## [Exercise requirements]
Using the records below, output the stretch that opens with the line containing "Luca Errera, Daniela" and closes with the line containing "It's called Psytrance - meme", exactly and including both lines, with nothing more.

## [Available records]
━━━

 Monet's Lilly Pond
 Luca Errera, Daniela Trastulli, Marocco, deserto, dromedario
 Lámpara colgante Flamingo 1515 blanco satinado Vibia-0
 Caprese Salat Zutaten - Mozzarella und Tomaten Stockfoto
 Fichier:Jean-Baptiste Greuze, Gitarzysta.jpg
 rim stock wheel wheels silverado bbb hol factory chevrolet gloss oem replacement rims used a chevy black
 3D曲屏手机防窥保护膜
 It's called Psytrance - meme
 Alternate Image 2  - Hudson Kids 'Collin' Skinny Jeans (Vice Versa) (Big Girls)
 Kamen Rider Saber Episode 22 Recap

━━━

## [Reply to the task]
 Luca Errera, Daniela Trastulli, Marocco, deserto, dromedario
 Lámpara colgante Flamingo 1515 blanco satinado Vibia-0
 Caprese Salat Zutaten - Mozzarella und Tomaten Stockfoto
 Fichier:Jean-Baptiste Greuze, Gitarzysta.jpg
 rim stock wheel wheels silverado bbb hol factory chevrolet gloss oem replacement rims used a chevy black
 3D曲屏手机防窥保护膜
 It's called Psytrance - meme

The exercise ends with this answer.